By PAUL DOSCHER of Weare
It’s been a hot summer. Just the other day we tied the record for most days over 90 degrees Fahrenheit. Add to that the moderate to severe drought and it’s been a tough summer for farmers, gardeners, and drinking water wells.
When it gets so hot, day after day, most of us can take refuge in a cooler place. Fans and air conditioning make it possible for us humans to avoid the worst impacts of heat when those options are available.
But what’s it like for our non-human co-inhabitants of New Hampshire. More specifically, what’s it like to be a trout?
The Eastern Brook Trout (Salvelinus fontnalis) is our state fish and thrives in our cold clean waters. Cold is really important for Brook Trout. As water warms it can carry less dissolved oxygen, and Brook Trout cannot breathe in water that is above 70 degrees for more than a very short time. When water warms too much, our state fish either has to find colder water or it will perish. Imagine what it might be like if you found yourself in a place too hot to breathe and you couldn’t get away.
What our trout have evolved to do in this situation is to seek out cold springs in the bottom of streams, or they migrate to colder streams, usually farther upstream in their watershed. Research done here in New Hampshire by Fish and Game Department fisheries biologist Dianne Timmins discovered that some brook trout will travel as much as 50 miles to find suitable habitat conditions.
But when we humans have built dams for various utilitarian purposes or installed culverts under roads that make streams impassible for fish, we’ve inadvertently wiped out plenty of populations of trout. When the water downstream heats up too much, and a dam blocks their movement, the fish my not be able to find cold water. Or if they do find cold water they may not be able to move upstream to their spawning beds in smaller streams.

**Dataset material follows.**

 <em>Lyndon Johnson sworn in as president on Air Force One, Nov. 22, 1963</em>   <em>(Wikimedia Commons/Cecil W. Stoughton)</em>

There are tens of thousands of road culverts in our state that have a similar effect. When a culvert under a road is placed so that the outflow end is more than about 18 inches higher than the water level of the stream below, it blocks trout from moving upstream. These so-called “perched” culverts weren’t intended to block fish passage, but that’s what they do.
Hot and dry summers like this and many recent ones are a real threat to our Brook Trout. Scientific studies have suggested that rising temperatures could lead to a 77 percent decline in Brook Trout habitat. That’s on top of the fact that for the past few centuries their habitat has grown smaller and smaller due to urbanization, pollution and fragmentation of their habitat by dams and perched culverts.

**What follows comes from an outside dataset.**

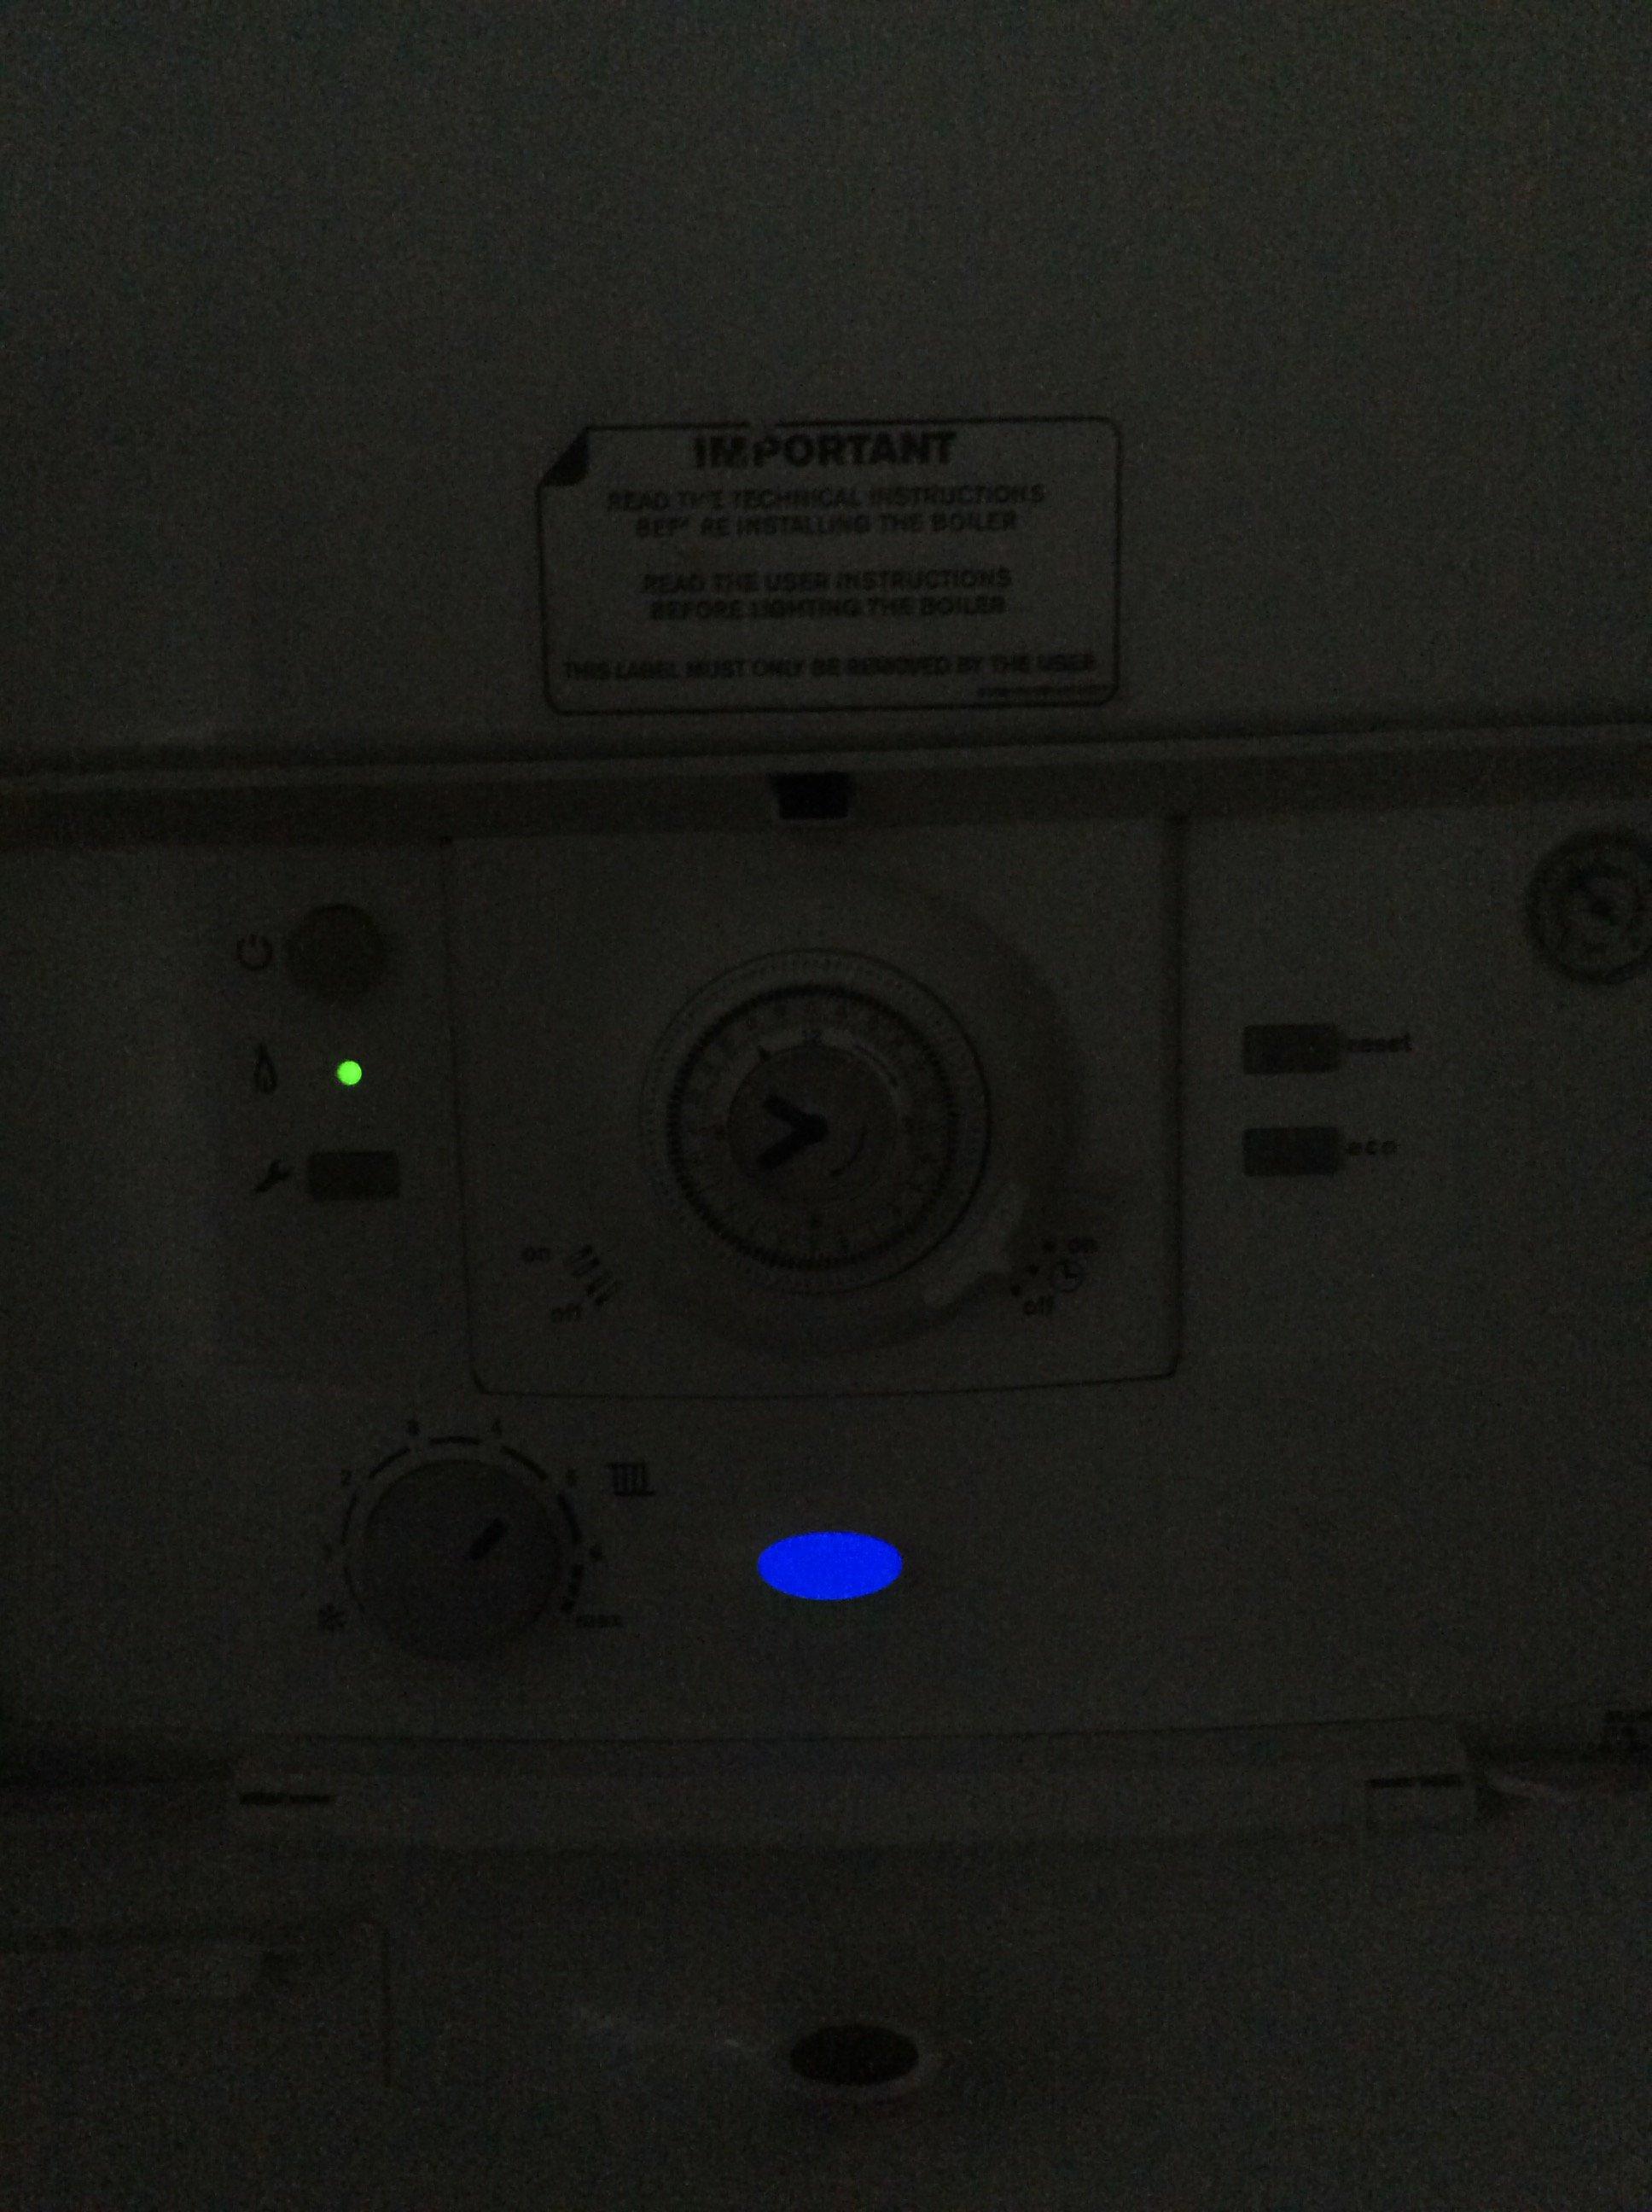 Aube Underfloor Heating Thermostat Problems Carpet

Whether you like to fish for trout or not, their presence in a stream is a strong indicator of the condition of the water quality in the watershed. All our communities benefit from clean water and if you have a healthy trout stream you should be pleased and proud.
But will they stay healthy? If we manage to reduce greenhouse gas emissions so that the scientific models predicting continuously hotter and dryer summers don’t come to pass, there is hope for our Brook Trout. We also need to acknowledge that a certain amount of warming climate is ‘baked in’ due to our past emissions and there are important things we must do to help our trout and all the other creatures they live with survive.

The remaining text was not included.